## What to do:
Every line from the one with "The pizza boxes." through the end of the entries below should be written out exactly; the pictures should not.

## Record extracts:
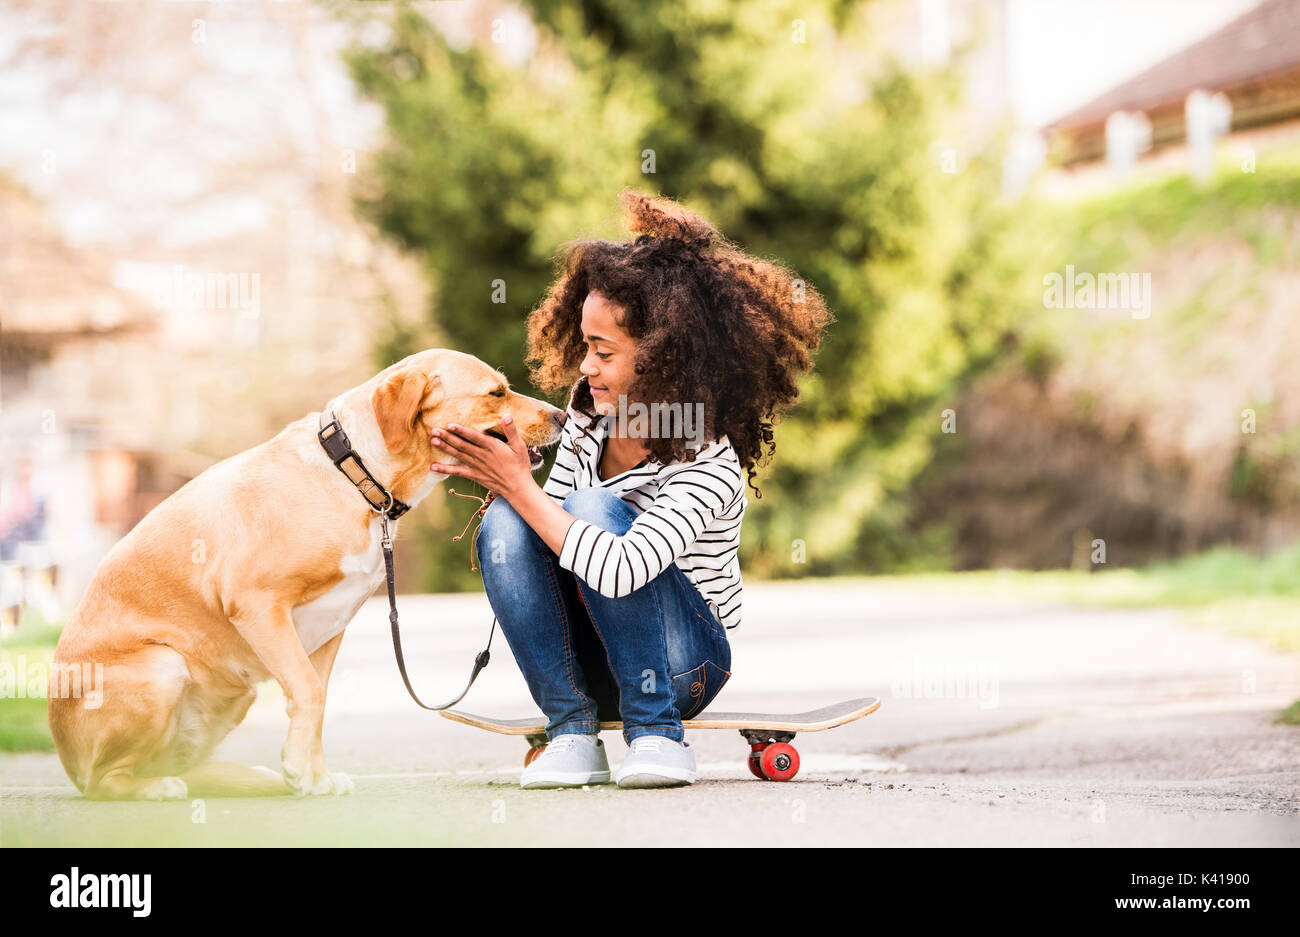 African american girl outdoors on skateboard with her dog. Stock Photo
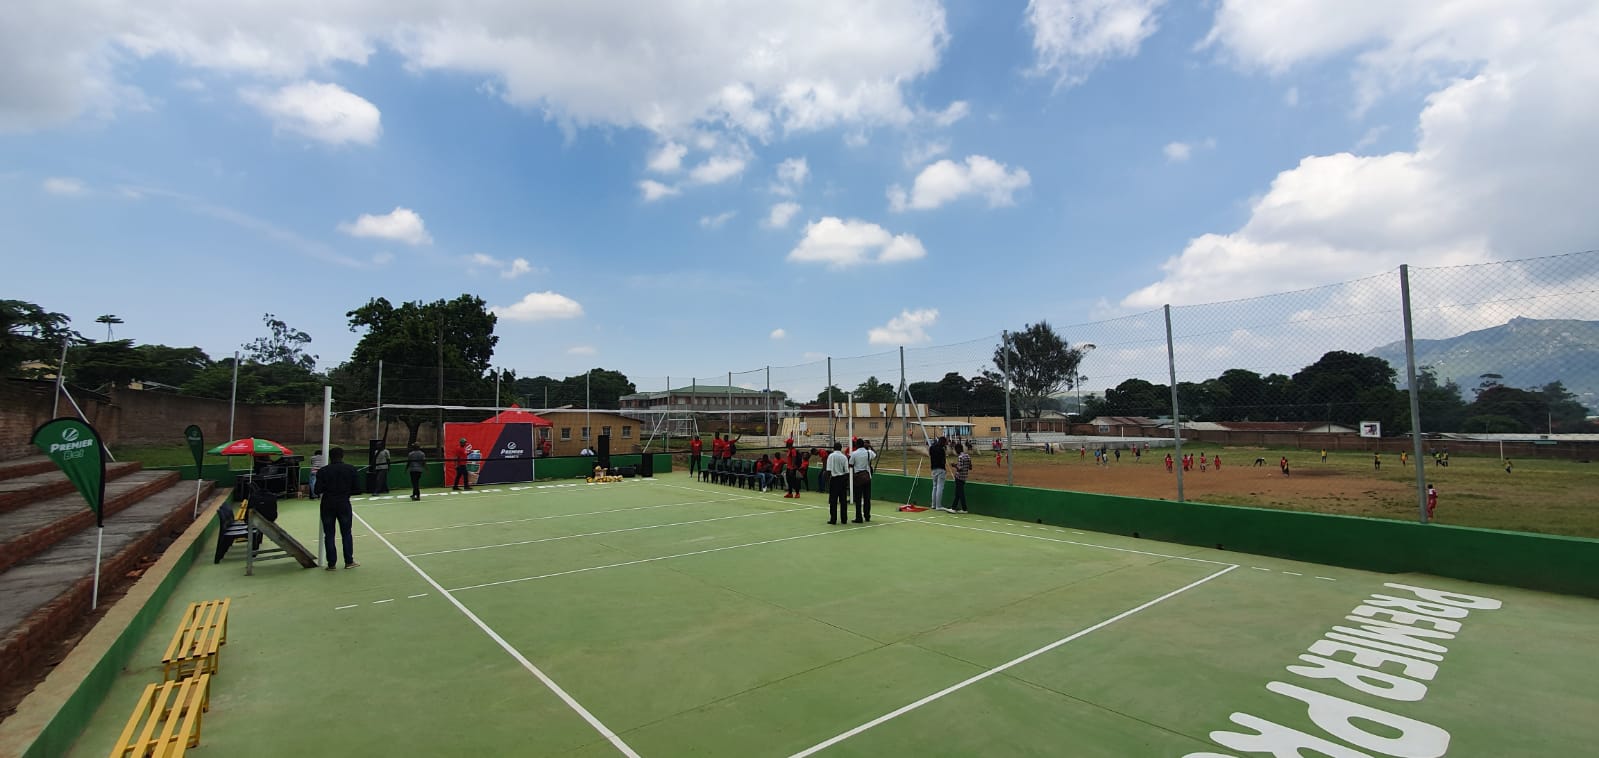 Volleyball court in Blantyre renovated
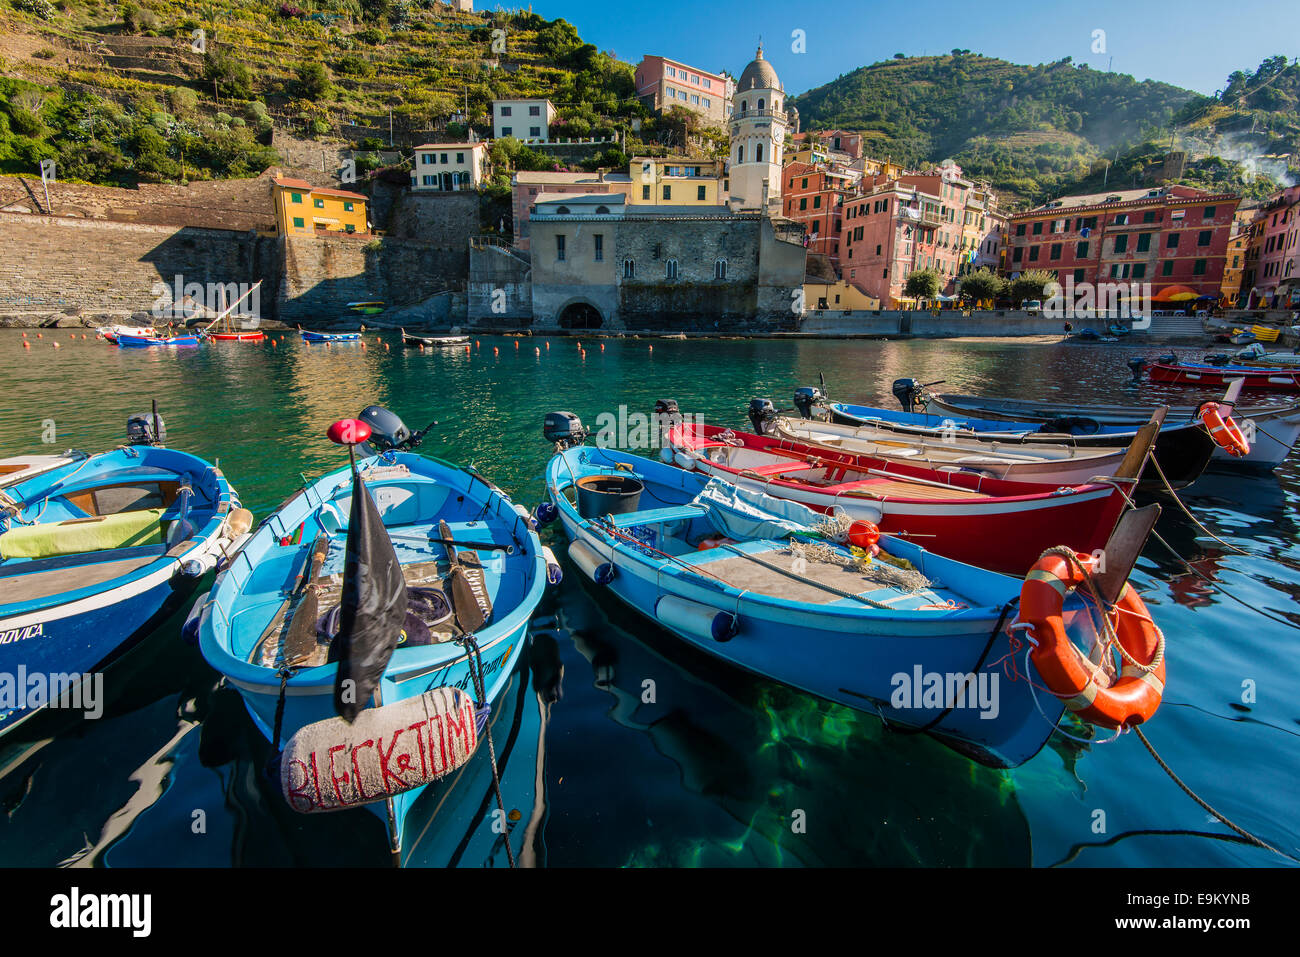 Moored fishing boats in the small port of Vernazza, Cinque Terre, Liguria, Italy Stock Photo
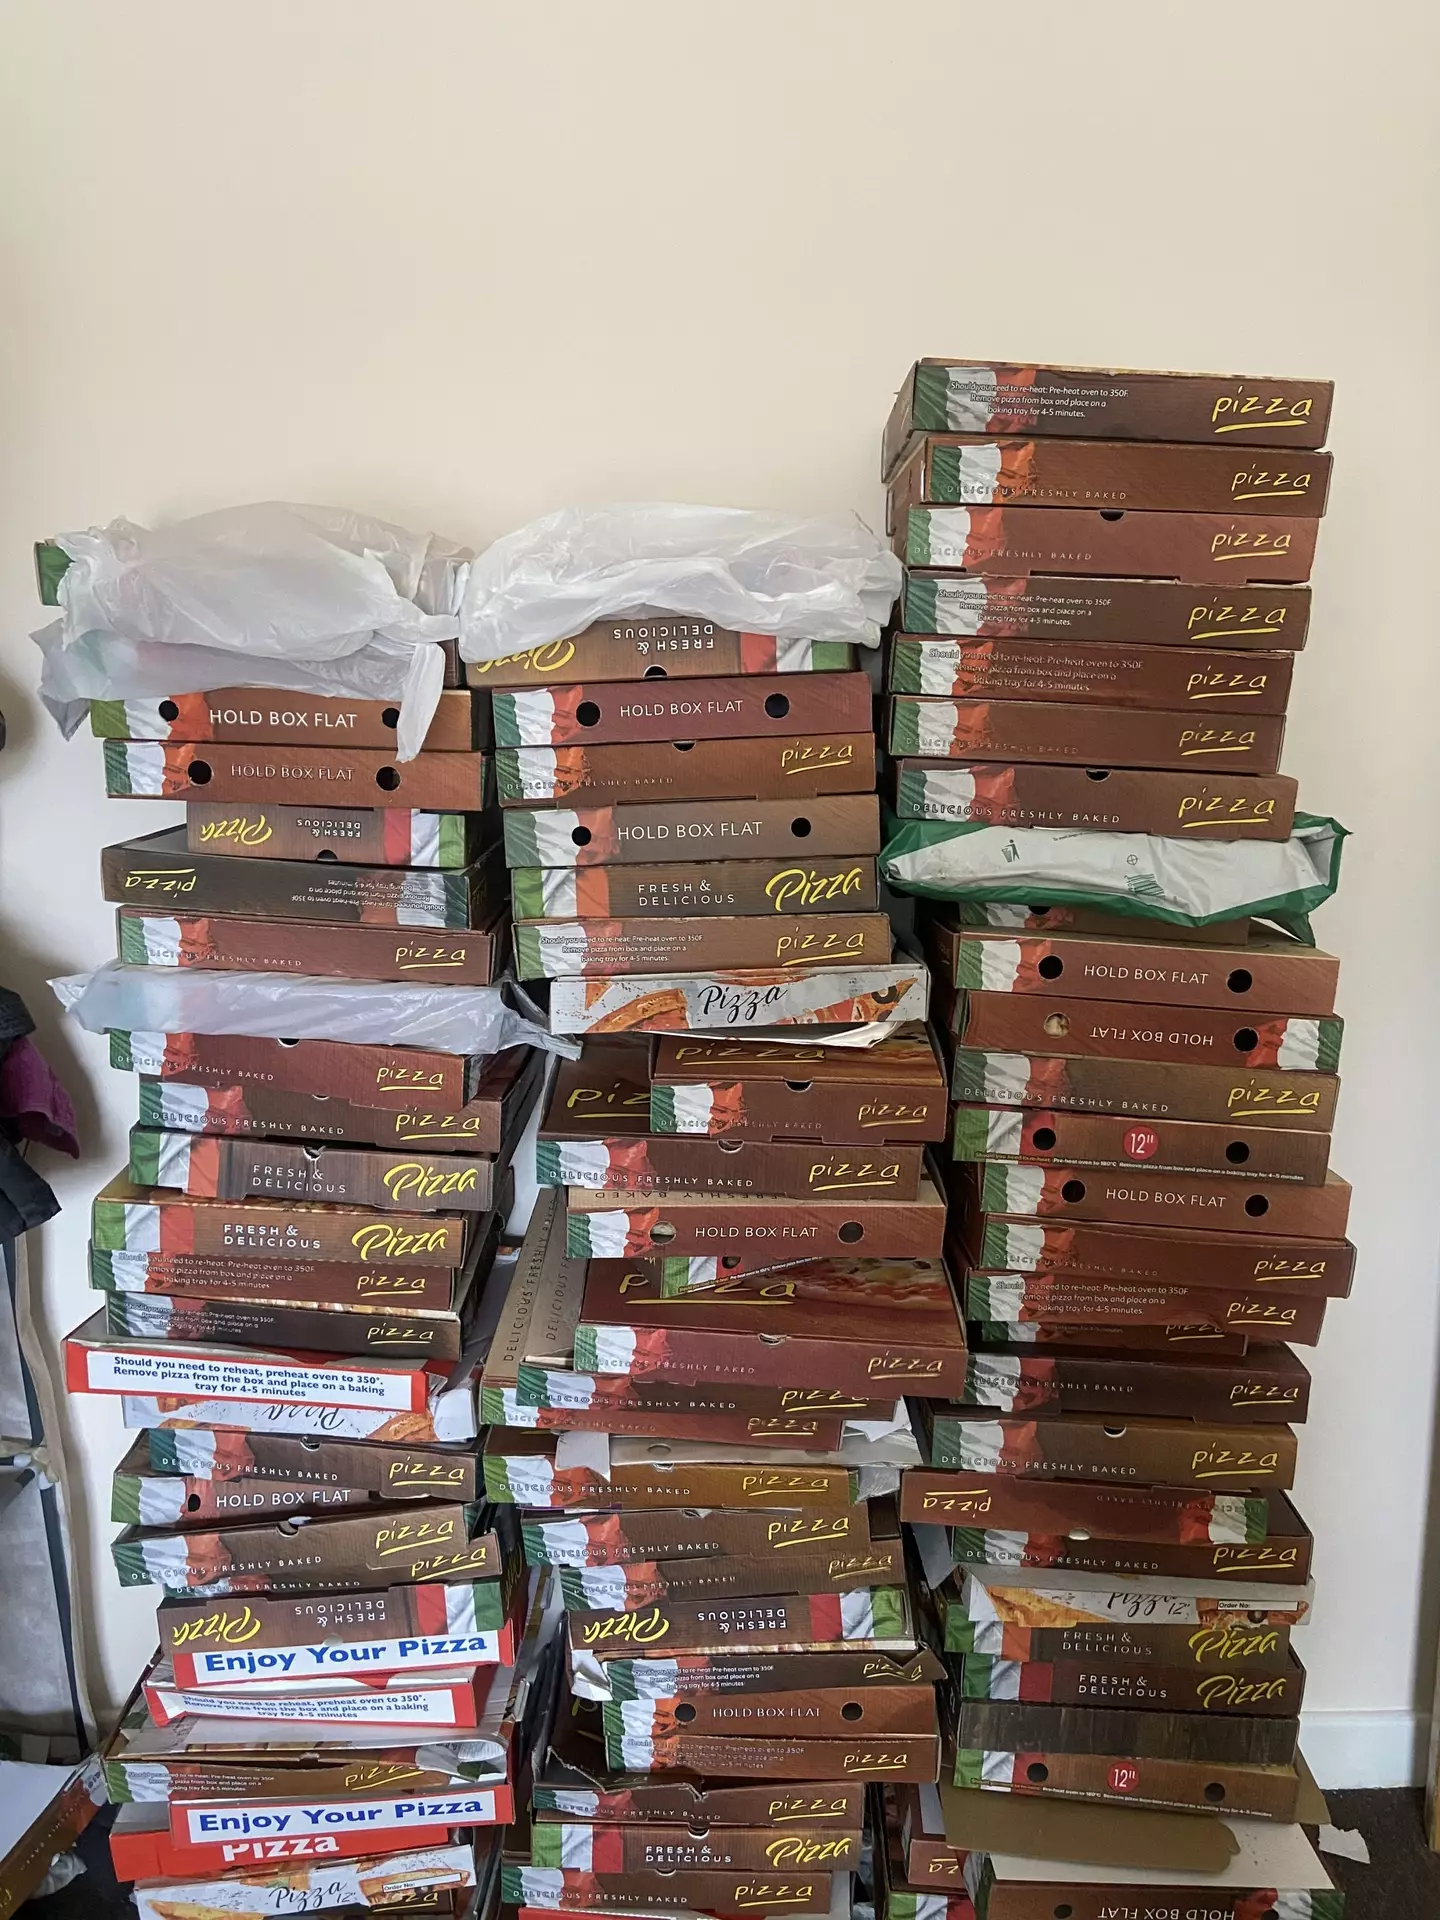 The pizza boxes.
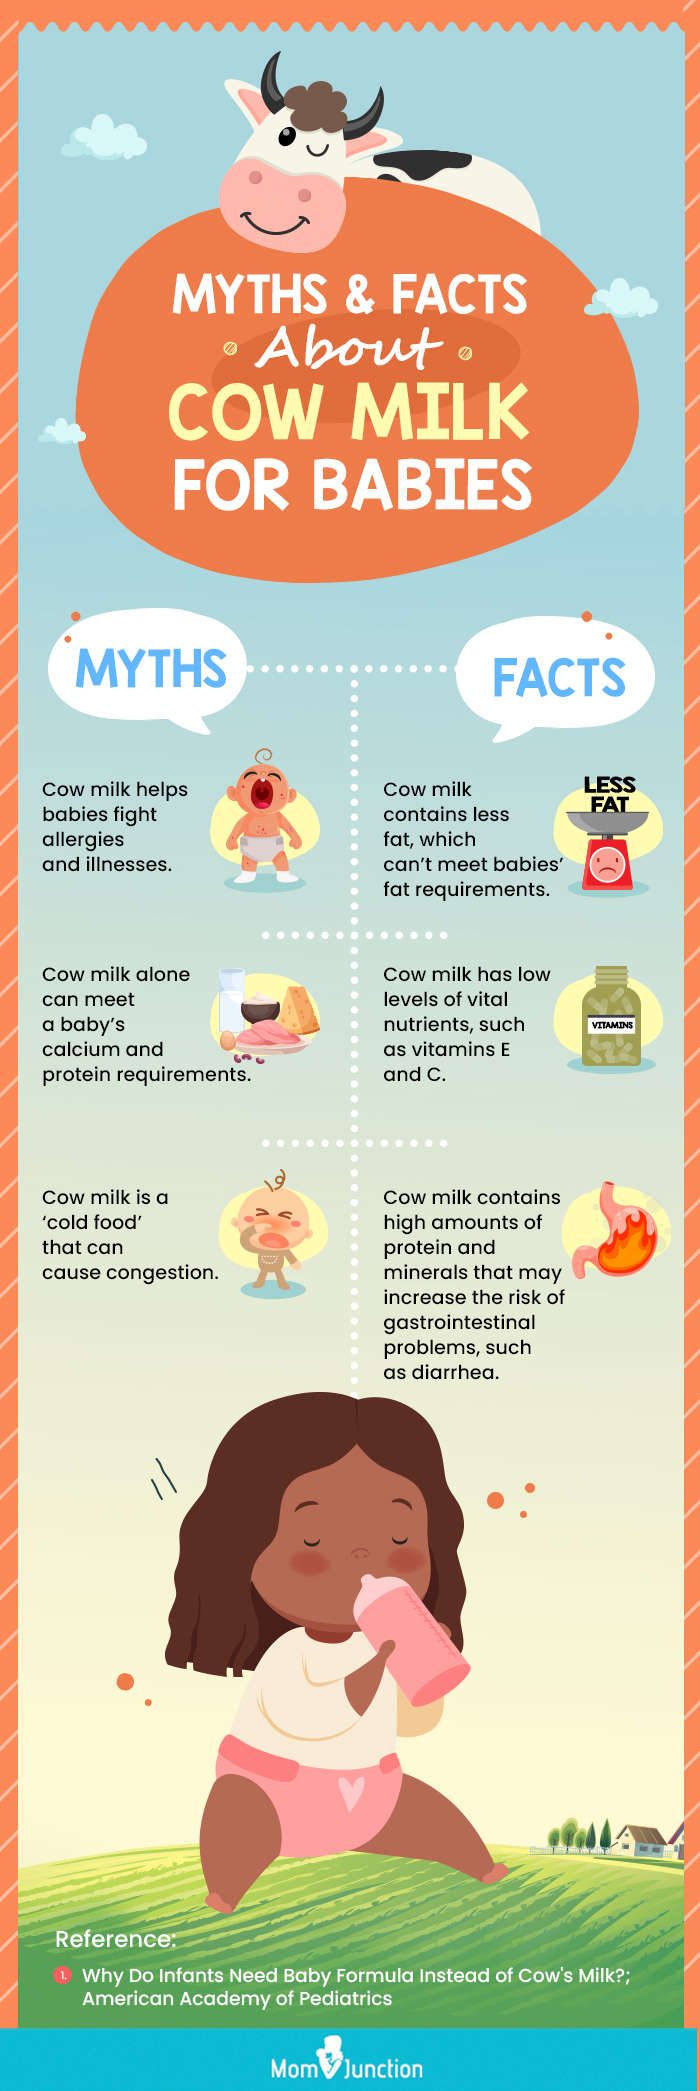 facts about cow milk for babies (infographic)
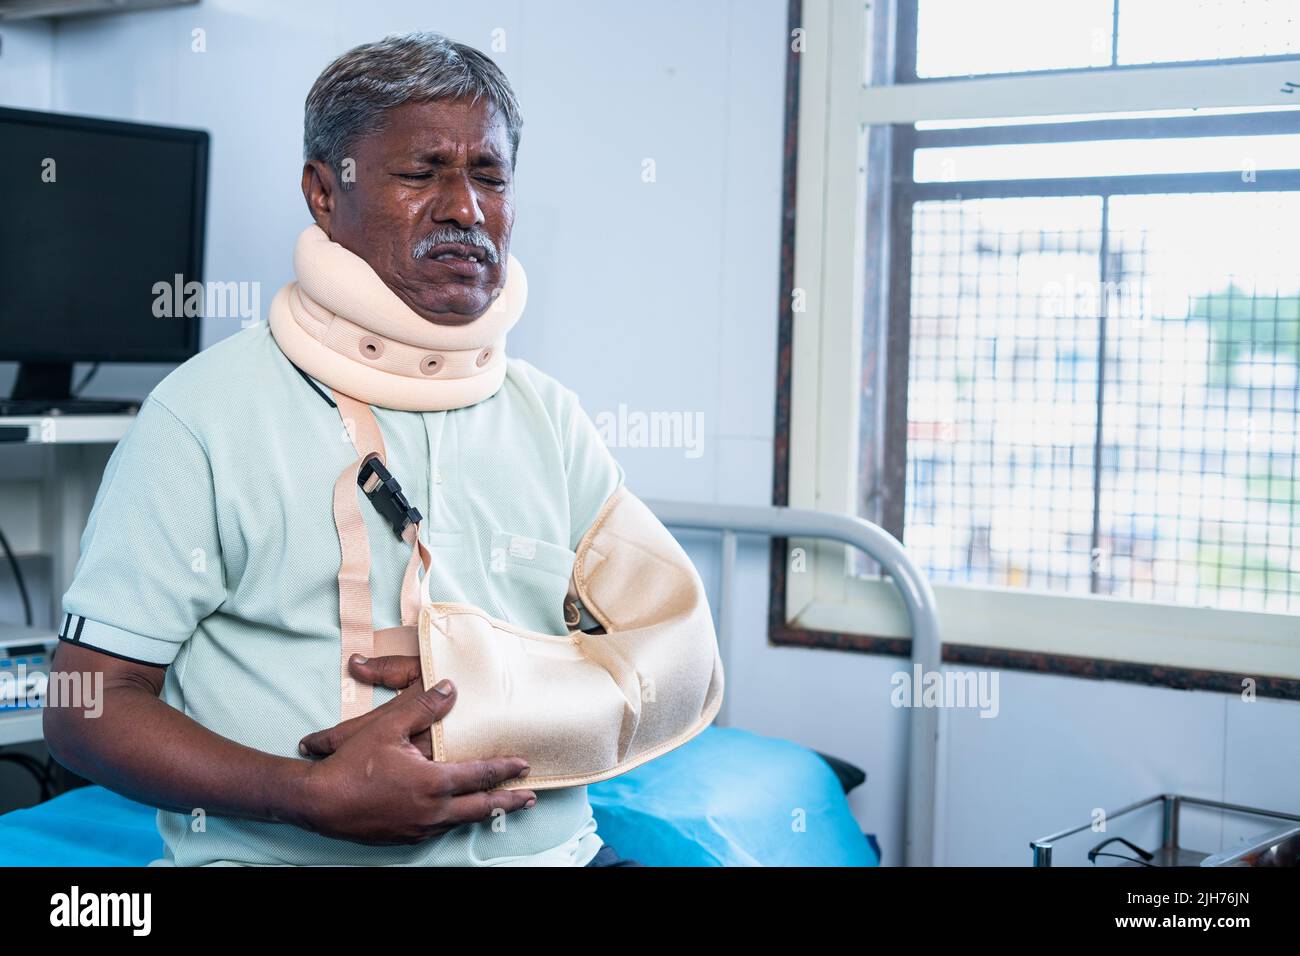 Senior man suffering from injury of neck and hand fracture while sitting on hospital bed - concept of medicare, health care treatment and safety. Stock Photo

## Result:
 The pizza boxes.
 facts about cow milk for babies (infographic)
 Senior man suffering from injury of neck and hand fracture while sitting on hospital bed - concept of medicare, health care treatment and safety. Stock Photo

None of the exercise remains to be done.